Recently at a flea market, I picked up
The Music Man: A Novel by Meredith Willson, Pyramid Books paperback #R-736. It was published in 1962 as a tie-in to the movie version of the hit Fifties musical.
Here's a glimpse of the cover.
I love The Music Man, and so do
daisy-knotwise and
brotherguy and
scarfman and
minnehaha K. It is my favorite musical. I've read Willson's account of its creation, But He Doesn't Know the Territory. So for a buck, I knew this belonged in my library.
The book has some nice extras, such as numerous stills from the film, and a listing of all the song lyrics in the back. Nevertheless, it is a weird experience to read a novelized version of a story where you know the characters are supposed to break out into song. Paperbacks can't do that. I suppose there might be some hope for the Kindle. Or one could always turn to the lyrical appendix at the appropriate point in the story, and sing.
I would expect a book like this to be ghostwritten. However, a few things make me suspect it might really have come from Willson's typewriter.
First, it is dedicated "to Rini and Rosalie," an unnecessary touch for a ghostwriter and an insincere thing for the celebrity author to do if he didn't really write it.

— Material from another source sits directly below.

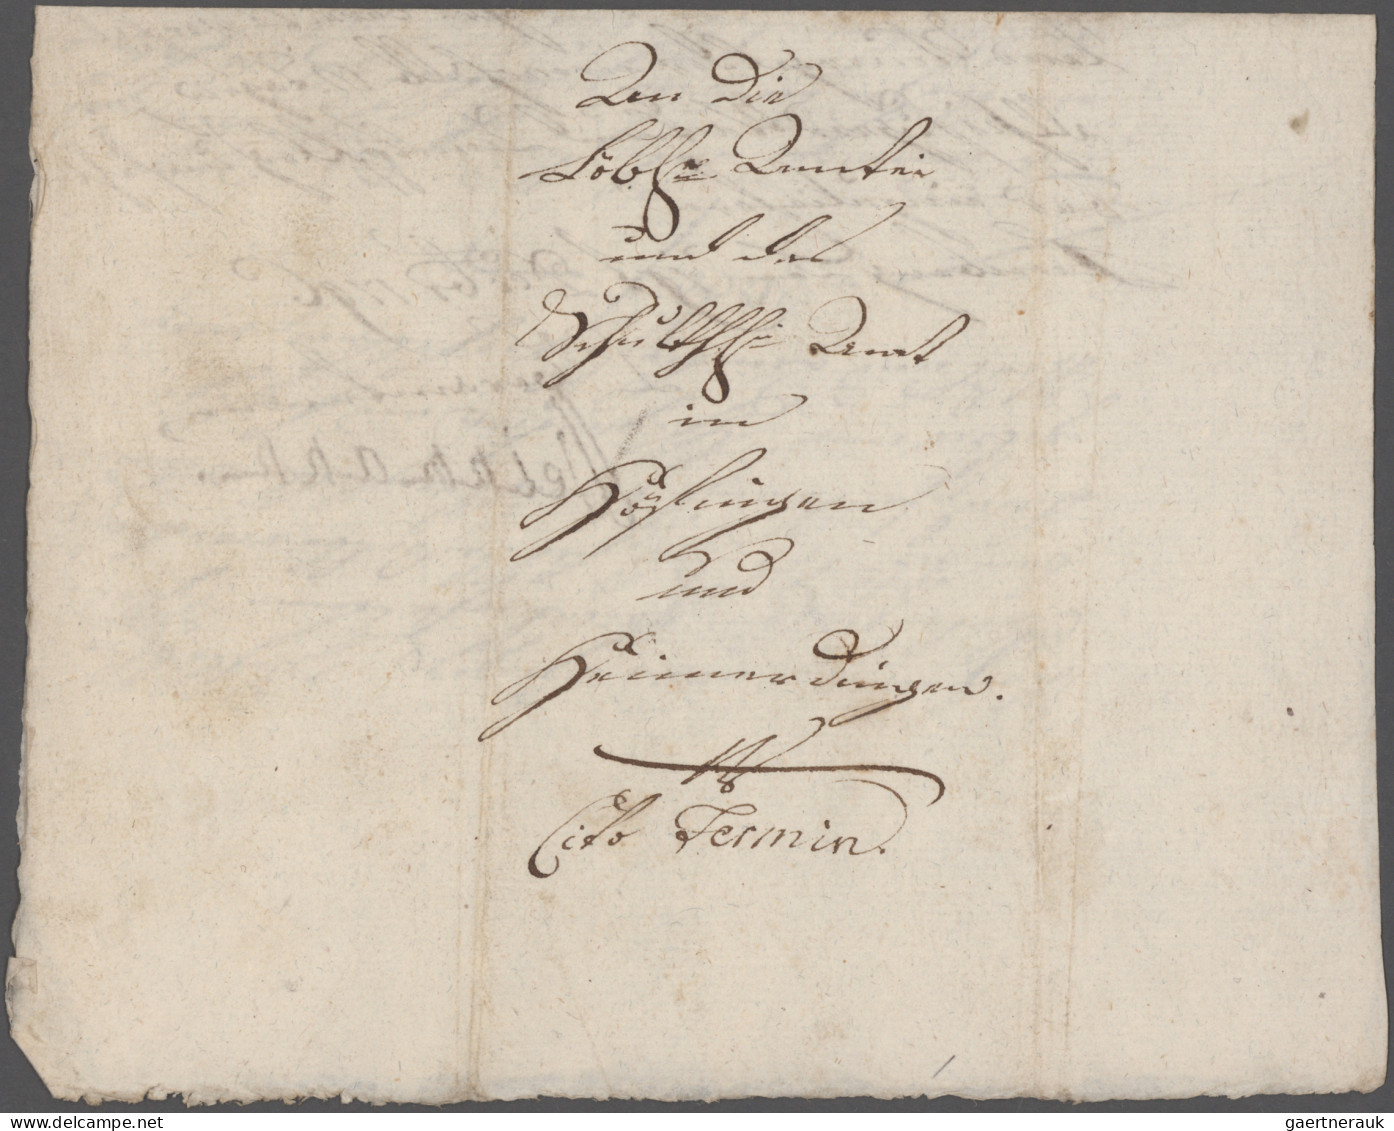 Württemberg - Marken und Briefe: 1635/1810, interessanter Bestand mit Altbriefen
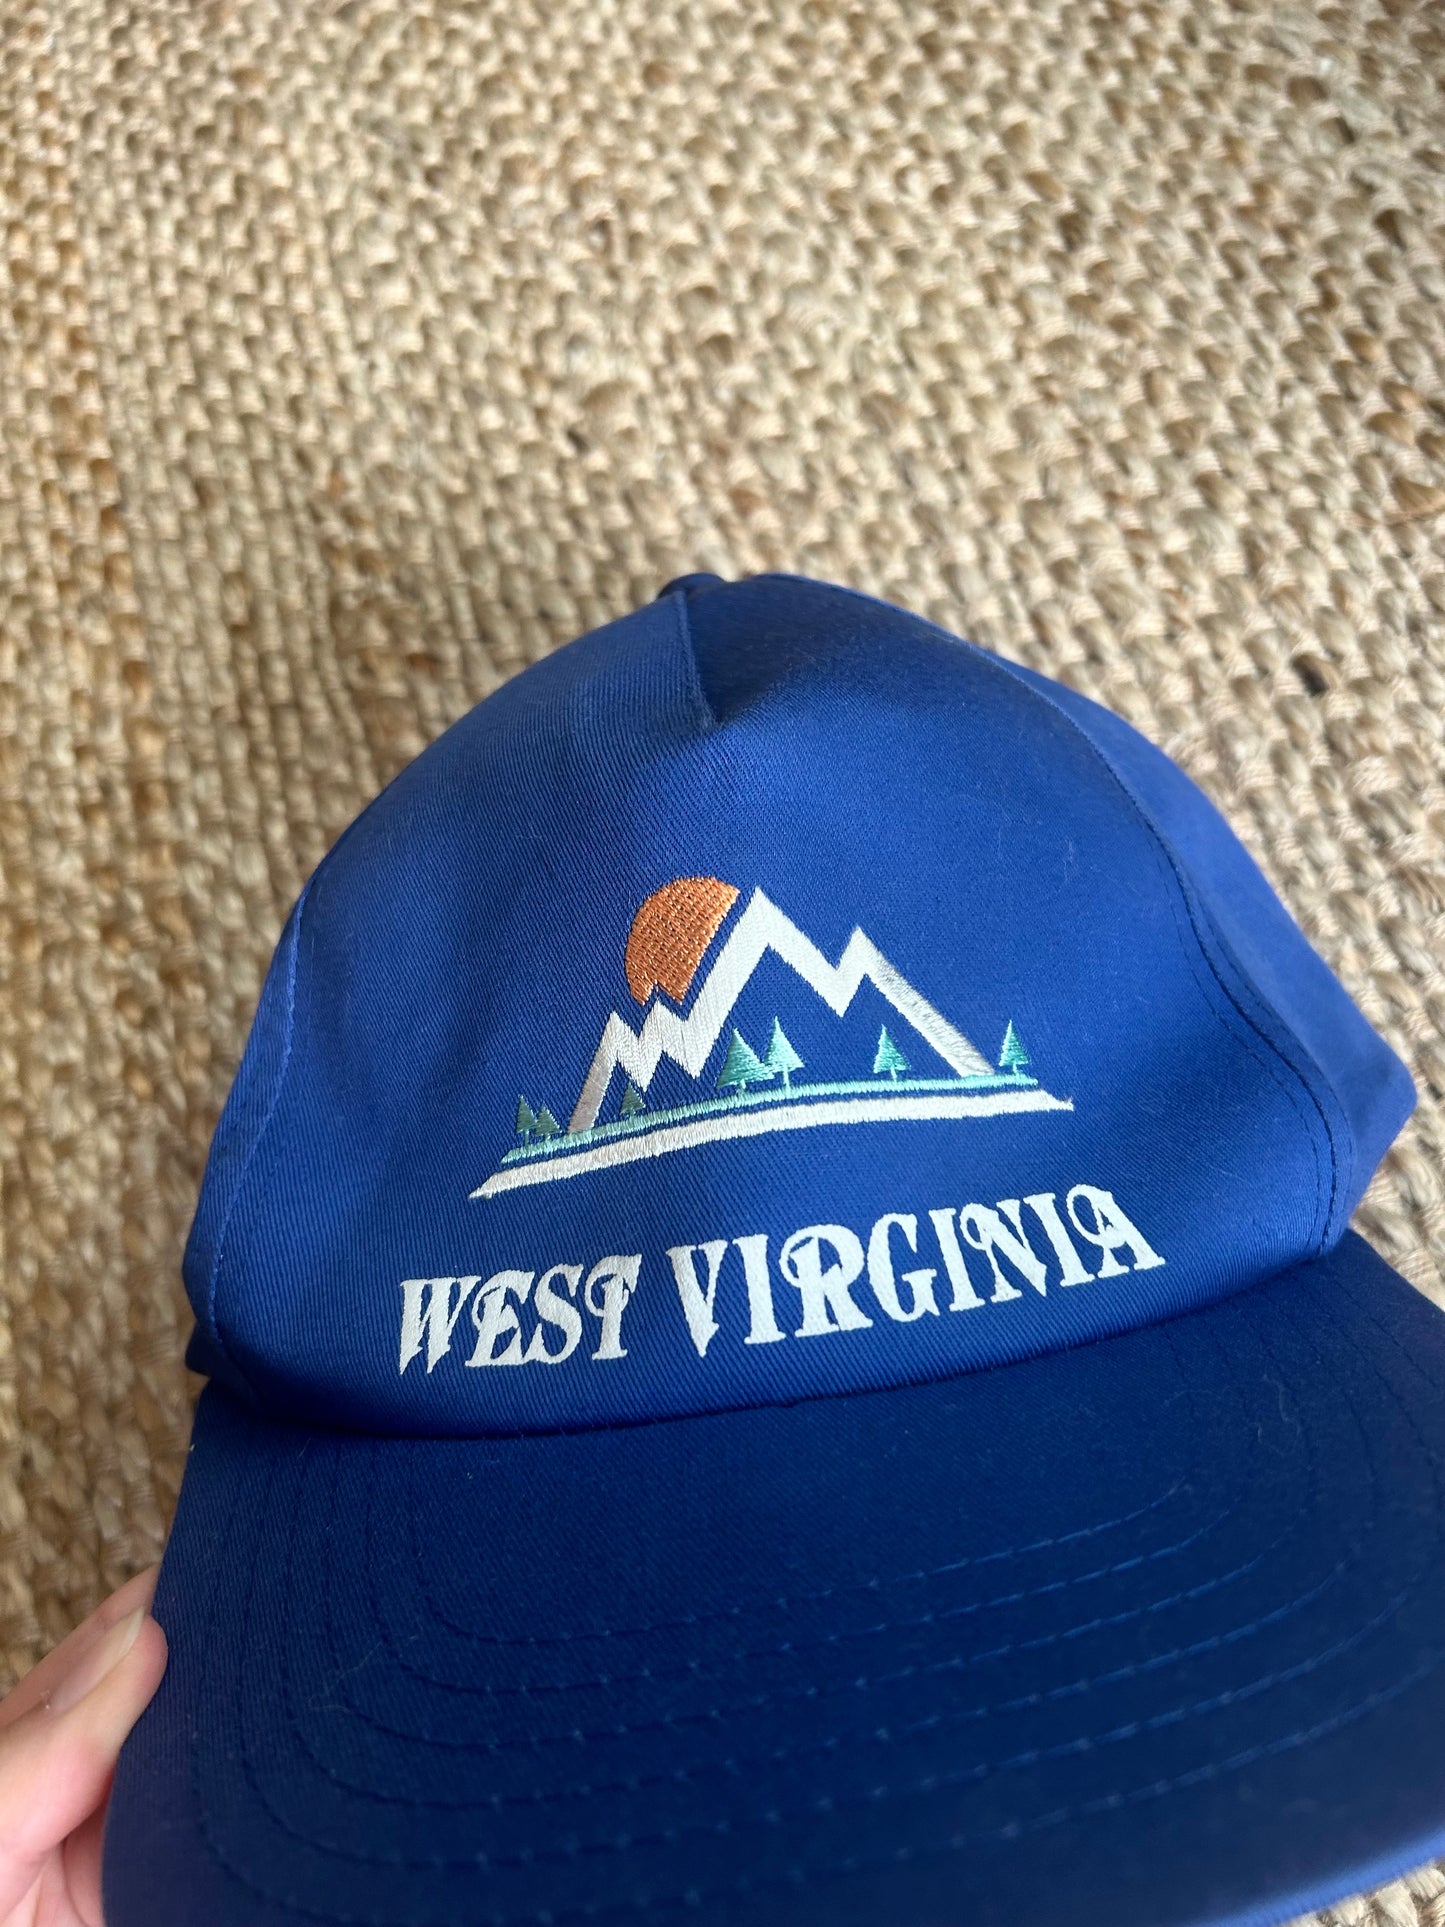 Vintage West Virginia Hat

Second, in But He Doesn't Know the Territory, Willson makes a big deal about speech-as-music, arranging words in rhythmic chants that seem like music. The most celebrated example is probably the number "Trouble," which is mostly talk and hardly any singing. In a moment, I'll give you an example from the novel.
Anyway, for all those who love this story, and wonder about the fate of the characters, the final page of the novel offers a veiled glimpse of the future. I thought you might like me to share. Naturally, there are spoilers.
The River City Band, having performed together for the first time, has left the school to parade through the street, with an excited crowd of citizens in tow. Marian Paroo, librarian, and Harold Hill, confidence man and salesman extroarodinaire, remain behind.
And Professor Hill. What about that big-haul, great-go, neck-or-nothing, rip-roaring ev'ry time a bull's-eye salesman? How unbalanced would he feel dropping the Professor off the front end of his name? And sharing the rest of it? For life?
He certainly wouldn't try to justify the Professor part, would he? Or, now that he'd actually led a band for the first time in his life, would he? Well, as we used to say back in River City, that's for him to know and for us to find out. We do know that, in his way, he had waited for Marian a long, long time and if "happily-ever-after" ever had, or ever was to have, a chance on this earth it would certainly seem to be with these two-- still locked in each other's arms there in River City's empty assembly room.
The first sentence of the passage sounds like authentic Willson to my ear.